** Directions **
Return exactly, please, the line that contains "America Iphone Photo" and every line after it through the end of the material that follows, leaving pictures aside.

** Recorded data **
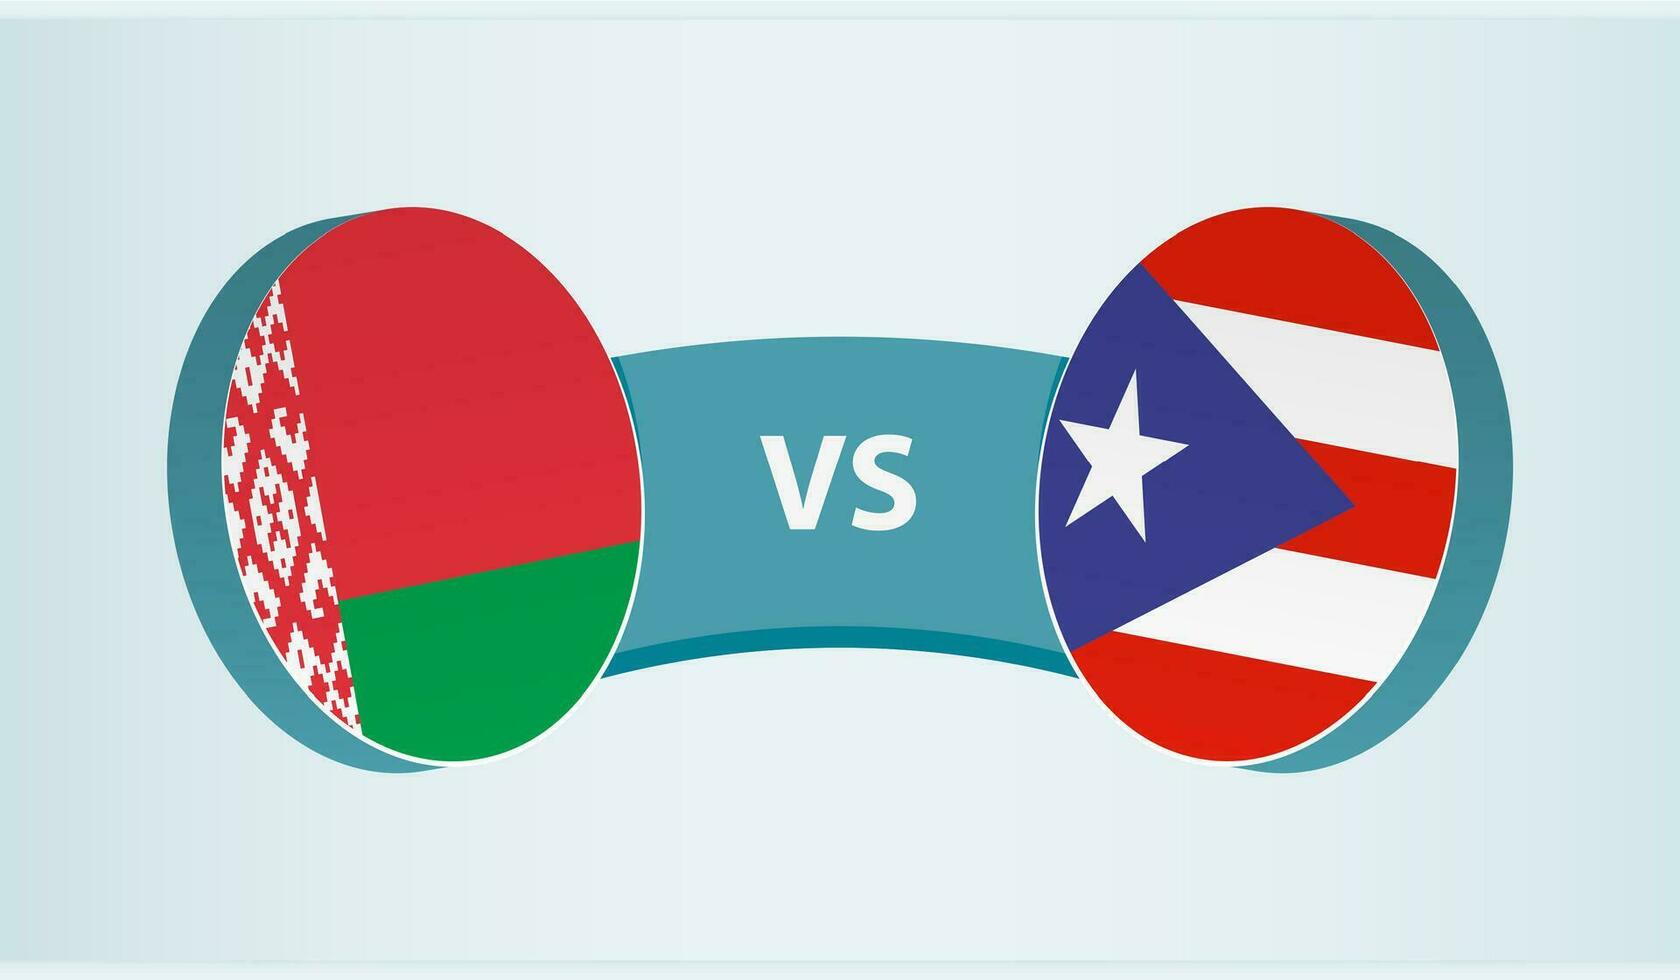 Belarus versus Puerto Rico, team sports competition concept. vector
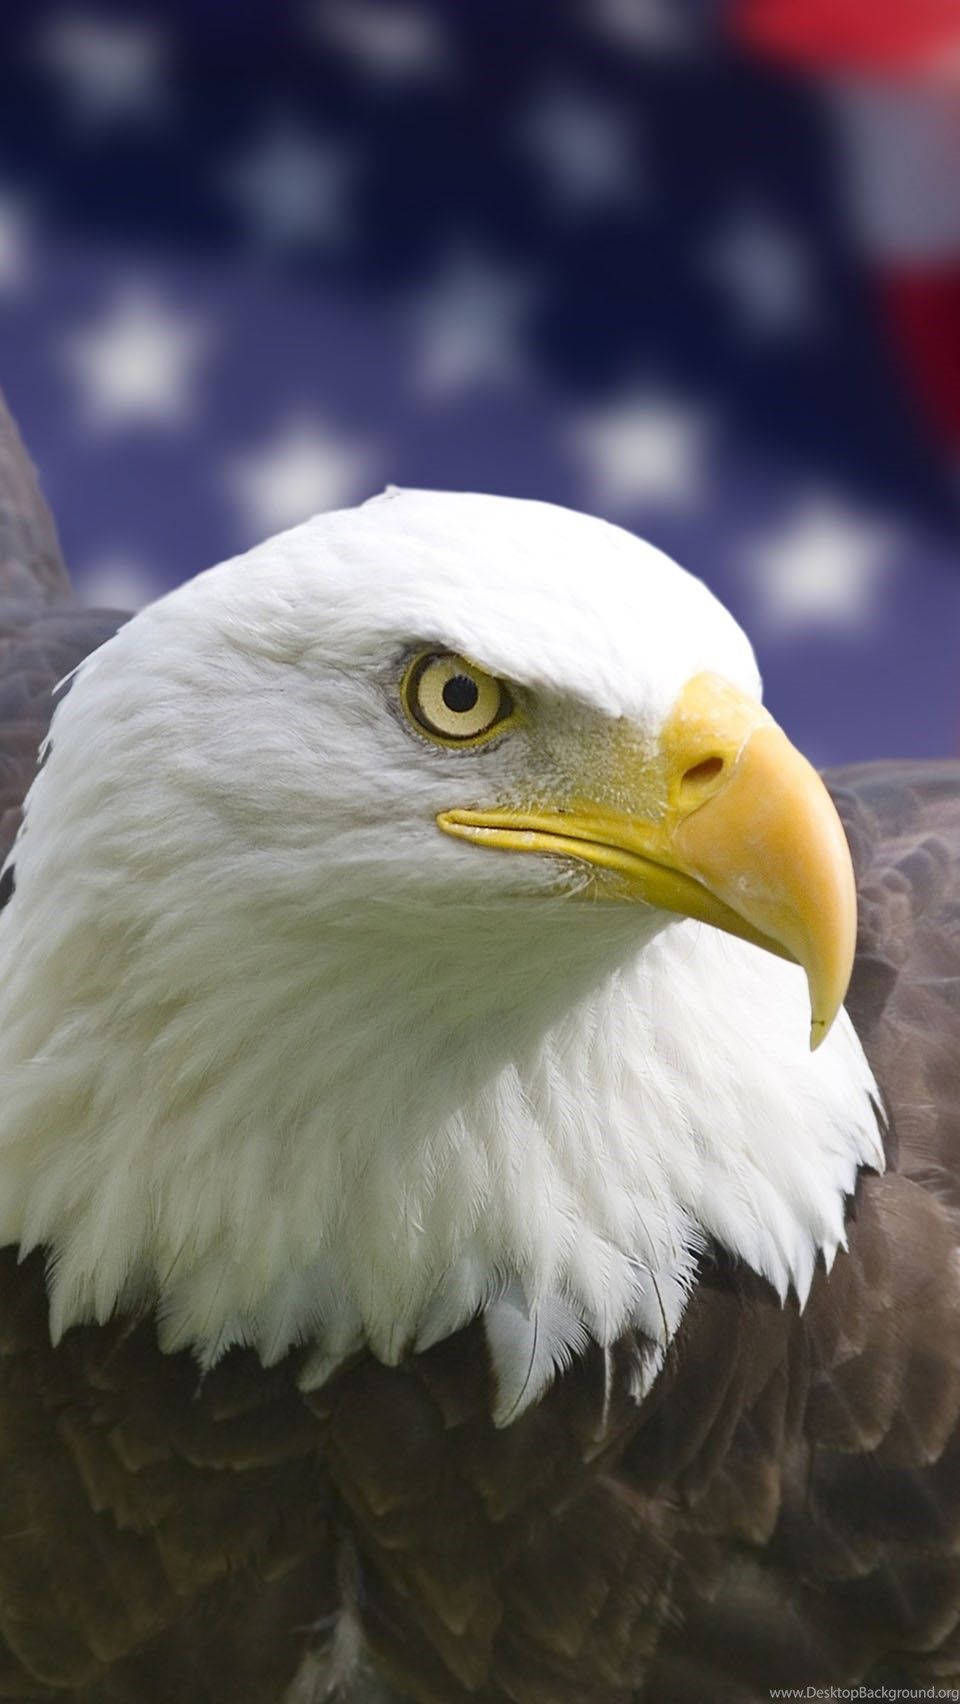 America Iphone Photo Of A Bald Eagle Wallpaper
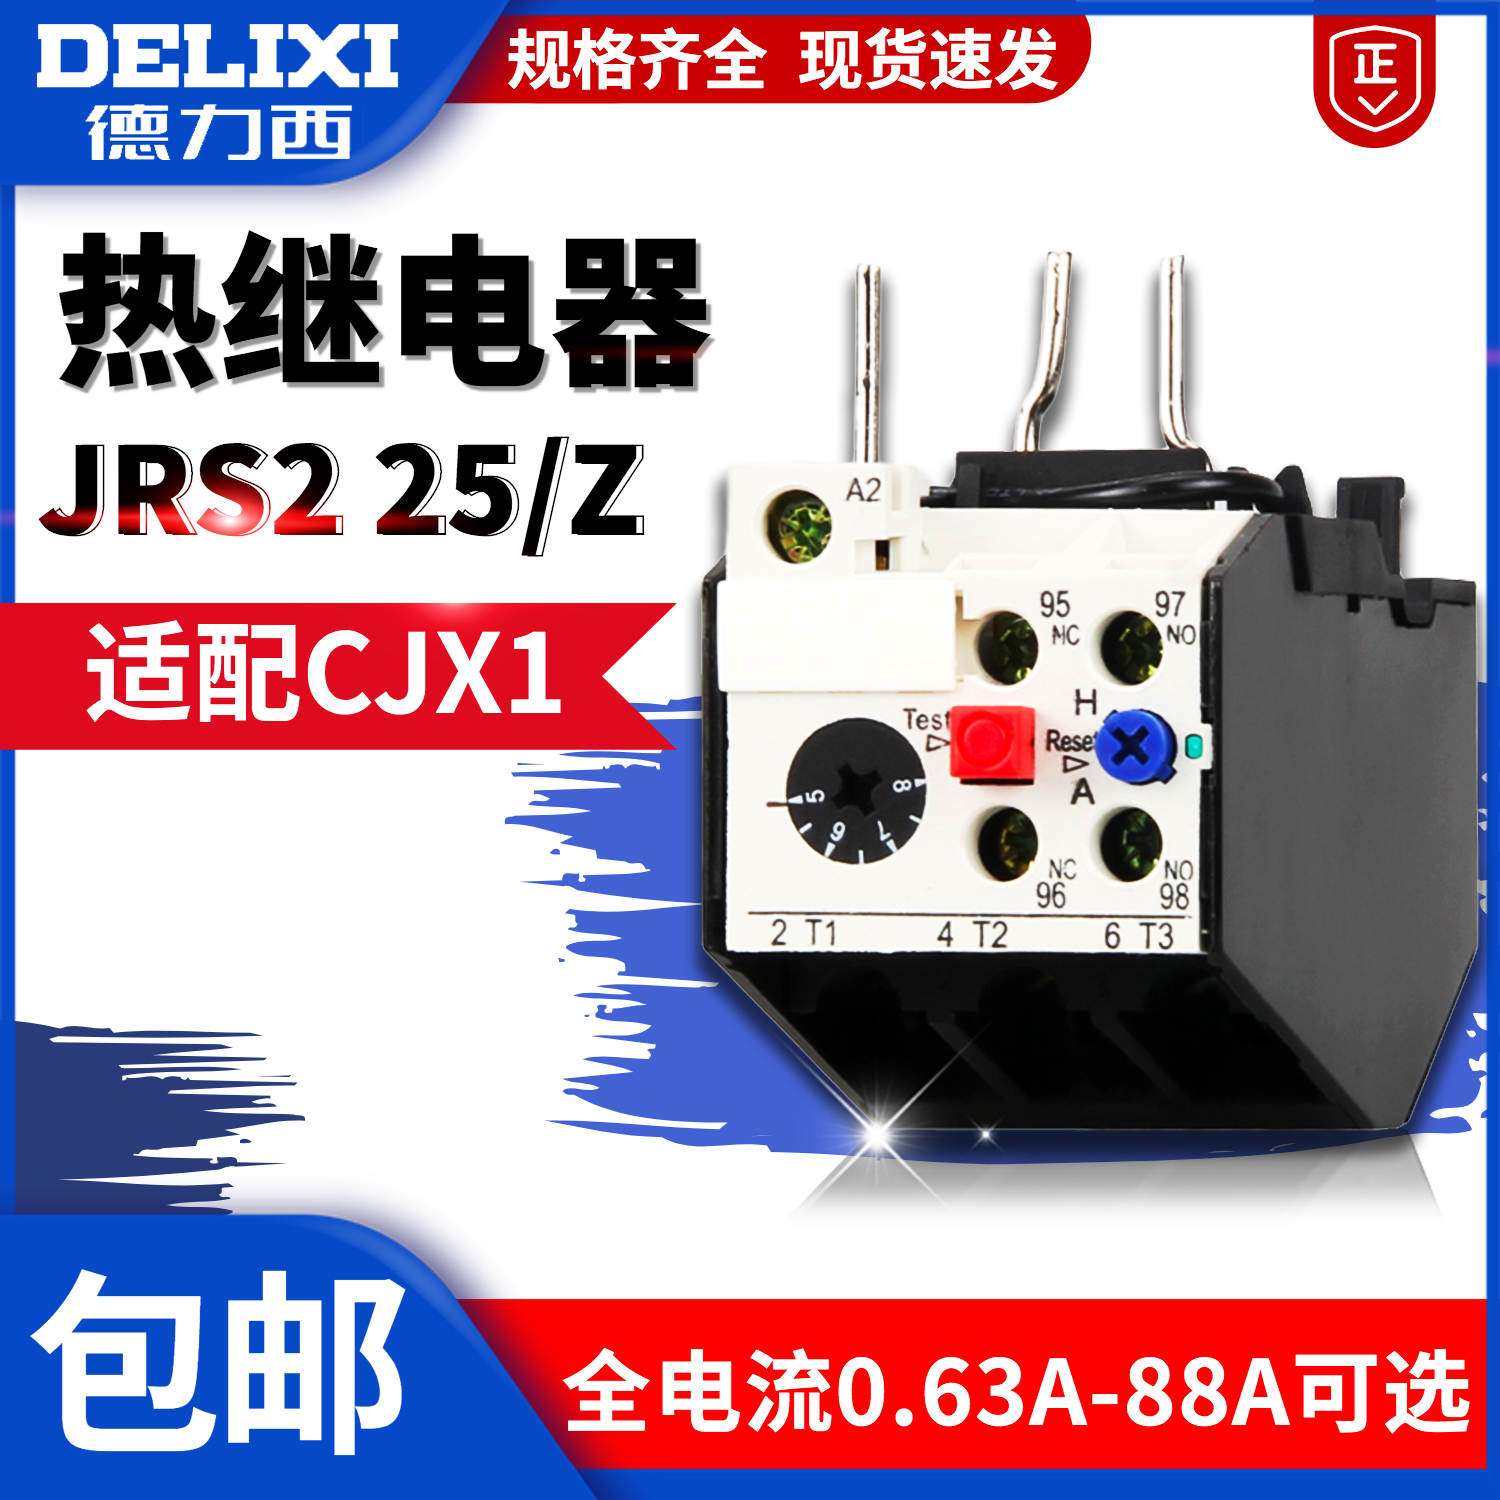 ߱ DELIXI   ȣ  JRS2-25 | CJX1- °  Z 3UA50

** Solution for this problem **
 America Iphone Photo Of A Bald Eagle Wallpaper
 ߱ DELIXI   ȣ  JRS2-25 | CJX1- °  Z 3UA50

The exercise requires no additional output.